Variation of the detected AAV frequencies among the pipelines was assessed by (1) examining the outliers of frequency readouts from individual pipelines as compared to the expected AAV frequencies, and (2) pair-wise pipeline comparison of frequency outputs using the Bland-Altman plot. Bland Altman plots are used to compare the agreement between two different instruments or measurement techniques and allows for the identification of any systematic differences between measurements or outliers. In this study, the Bland-Altman plot is used to compare the agreement between two different NGS-based HIVDR pipelines by plotting the percentage of difference in AAV frequency measurements between the two pipelines. To determine the validity of the frequency of the AAVs produced from each pipeline, we took the median frequency across the five pipelines for each AAV, and determined the percent coefficient of variation (%CV), which was calculated as the percent ratio of the standard deviation to the mean frequency readouts from all pipelines. The %CV shows the extent of variability in relation to the mean of the population and is used to assess the precision of a technique41. All AAVs were binned into the following frequency intervals: ≥90%, 70–90%, 50–70%, 30–50%, 20–30%, 10–20%, 2–10% and 1–2%. The %CVs for all AAVs in each specific frequency range were then plotted and the medians and interquartile ranges of %CV were determined. Thresholds for outlier identification were empirically determined to be twice the median %CV for each of the aforementioned AAV frequency intervals and were calculated to be %CV ≤ 1%, ≤3%, ≤5%, ≤7%, ≤10%, ≤12%, ≤20%, and ≤24% for AAV frequency ranges of ≥90%, 70–90%, 50–70%, 30–50%, 20–30%, 10–20%, 2–10% and 1–2% respectively. The discordance between the compared pipelines for all AAVs was determined by comparing the levels of agreement between two pipelines using the Bland-Altman plot42. All statistical analysis and plotting were performed using GraphPad Prism 8.2.1.

Results

The assessment of all AAVs versus HIV DRMs allowed for a much larger data set, and better coverage of variations at various frequency ranges with different genetic context. With our defined criteria, a total of 3479 AAVs were identified and included in the pipeline comparison analysis. These AAVs frequencies spanned the entire frequency range (1~100%). The majority of the AAVs (81.46%) were found at frequencies ≥20% as compared to AAVs found at frequencies <20% (18.54%) (Supplementary Fig. S1).

Linear range

Linear range reflects the range of AAV frequencies within which linear correlation exists between the detected and the expected values.

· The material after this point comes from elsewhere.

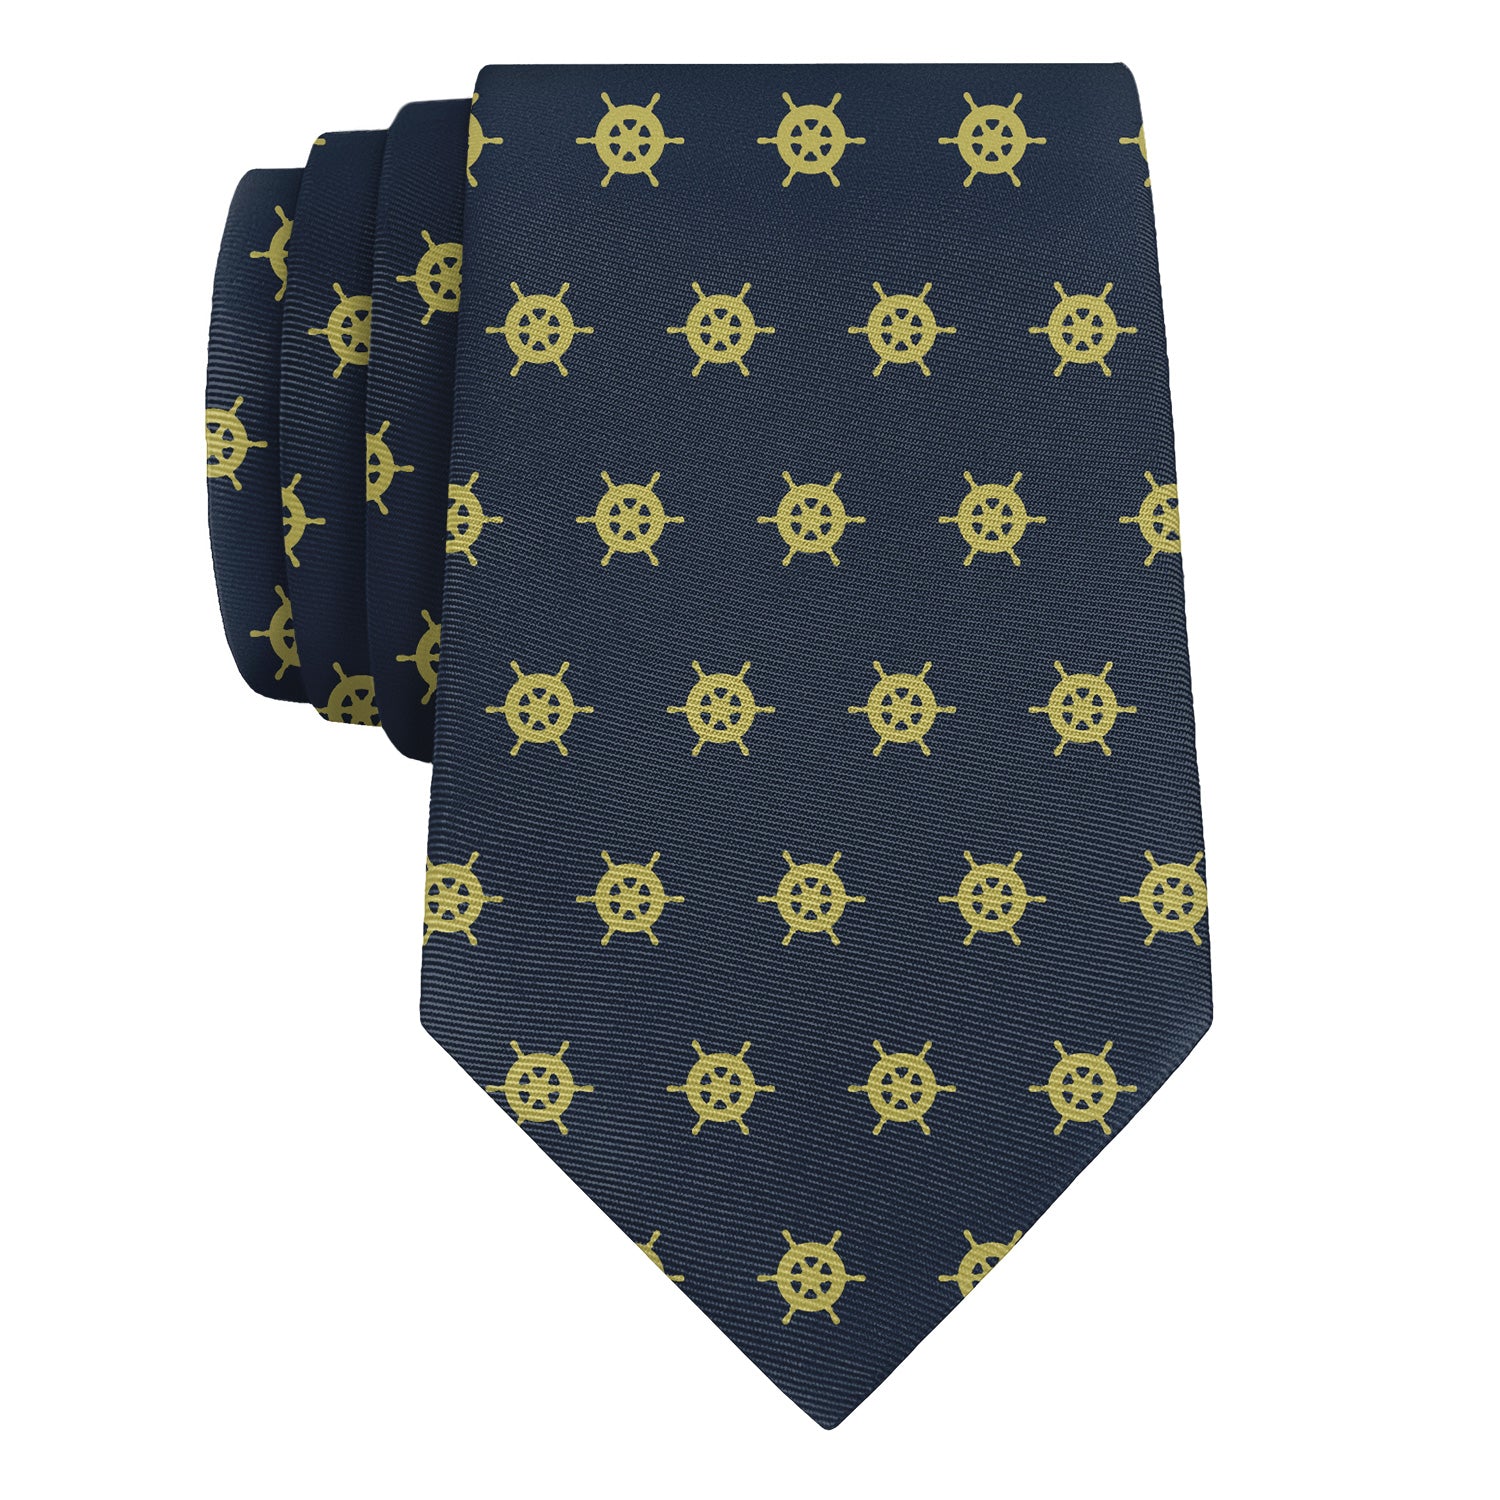 Captain's Wheel Necktie - Rolled - Knotty Tie Co.
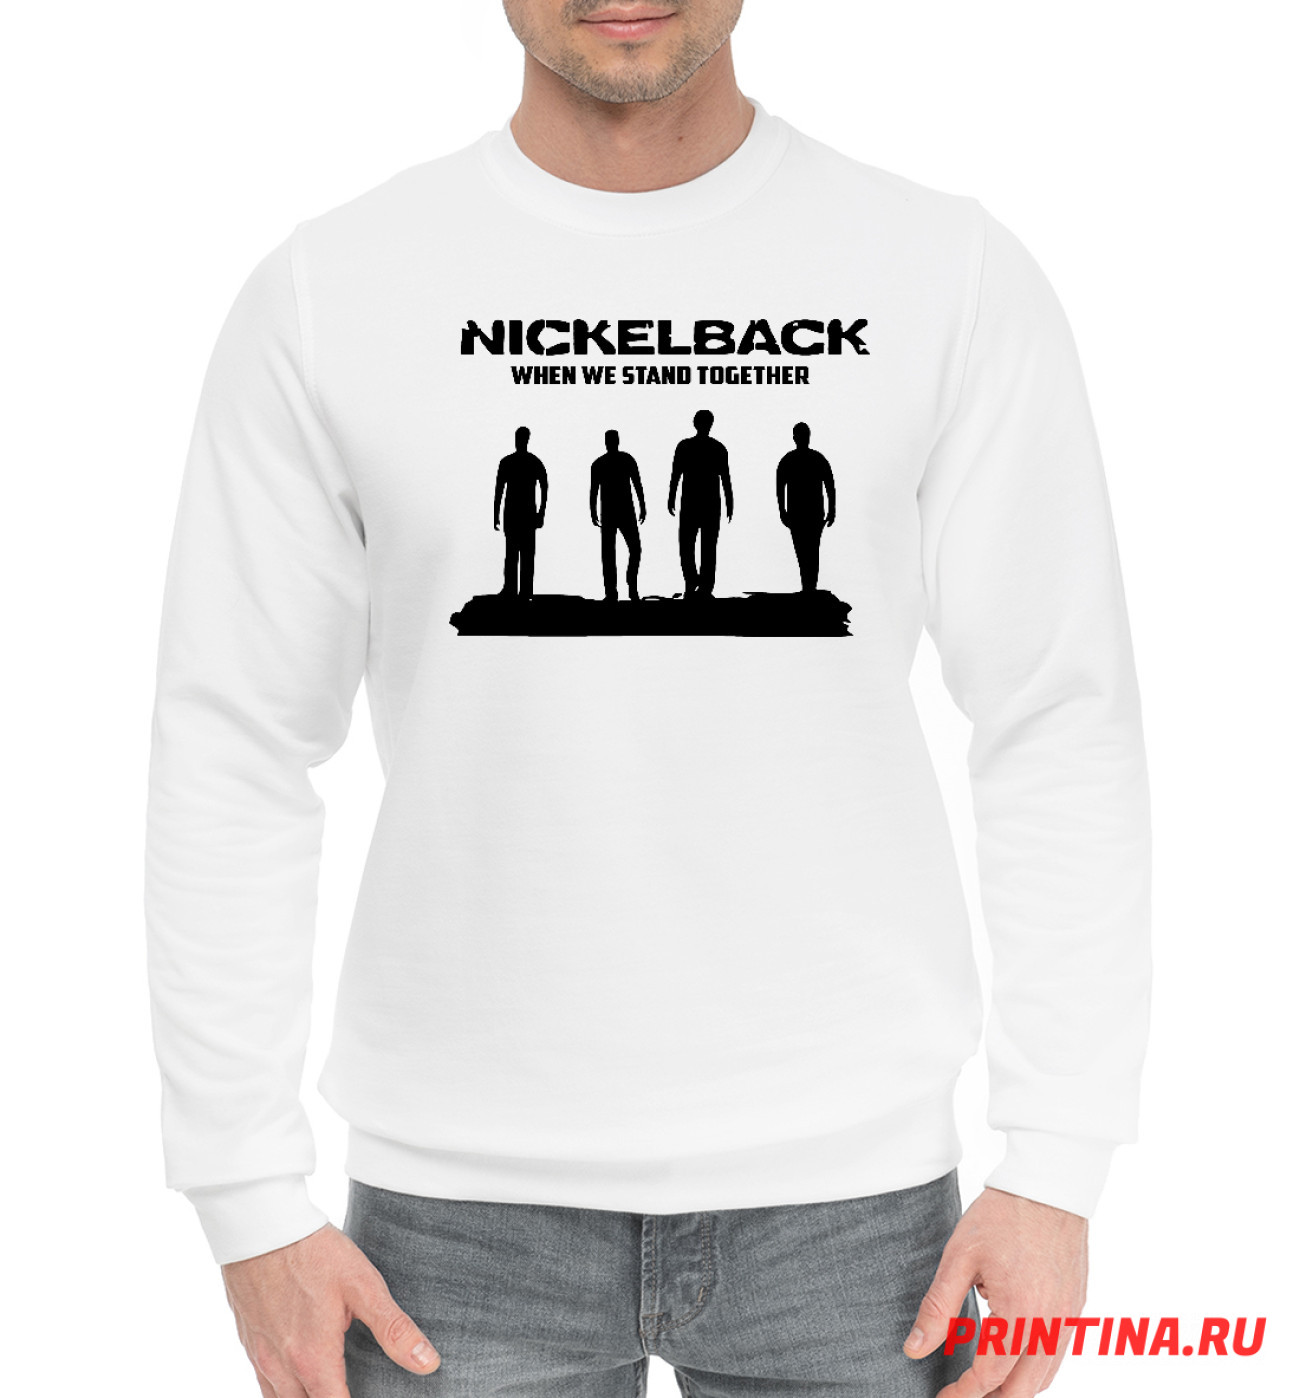 Мужской Хлопковый свитшот Nickelback, артикул: NIC-103014-hsw-2

Linear regression analysis was conducted on 57 data sets from the five pipeline outputs. The range of the r2 coefficient for all data sets from the five assessed pipelines was 0.957–0.998 and the corresponding slope range was 0.989–1.003, indicating a near-perfect linear correlation between the observed and expected AAV frequencies (Fig. 2, Supplementary Table S1).

Figure 2
figure 2

Linearity in AAV frequency measurements between 1% ~ 100% variant frequency.

Analytical sensitivity

Analytical sensitivity of the compared pipelines was calculated by determining the feasibility of an AAV being detected when it exists (see Methods, Eq. 1). It was observed that the sensitivity for all pipelines at each threshold was high where the mean frequencies ranged from 99.36–99.79%, 99.17–99.96%, 99.17–99.97%, 99.34–99.97%, 99.73–99.97%, 99.73–99.97% for AAVs at frequency thresholds of 1%, 2%, 5%, 10%, 15% and 20% respectively (Fig. 3, Supplementary Table S2).

Figure 3
figure 3

Distribution of sensitivity of NGS HIVDR data analysis pipelines at various AAV frequency thresholds. The scatter plot shows the median and interquartile range for the sensitivity of each pipeline where each point represents one of the six different labs that genotyped VQA specimens at 1%, 2%, 5%, 10%, 15% and 20% thresholds respectively.

Analytical specificity

The analytical specificity of the assessed pipelines was calculated by determining the feasibility of an AAV not being detected when it is absent. Our results showed that the mean analytical specificity ranges were 61.56–98.58%, 91.80–99.67%, 96.11–99.68%, 96.87–99.79%, 97.22–99.78% and 97.76–99.78% for AAV frequency thresholds of 1%, 2%, 5%, 10%, 15% and 20% respectively (Fig. 4, Supplementary Table S3). Apart from MiCall and PASeq, the analytical specificity of the pipelines was much lower for AAVs at frequencies <2%. However, out of the six labs that participated in generating NGS FASTQ data sets for pipeline analysis, only two NGS FASTQ data sets resulted in much lower specificity at a 1% threshold. The other four NGS FASTQ data sets resulted in high specificity, for all five pipelines, even at the 1% threshold. (Supplementary Table S3). Specificity increased dramatically at the 2% threshold for all pipelines, suggesting that a 2% threshold may be more reliable than a 1% threshold.

Figure 4
figure 4

Distribution of specificity of NGS HIVDR data analysis pipelines at various AAV frequency thresholds. The scatter plot shows the median and interquartile range for specificity for each pipeline where each point represents one of the six different labs that genotyped VQA specimens at 1%, 2%, 5%, 10%, 15% and 20% thresholds respectively.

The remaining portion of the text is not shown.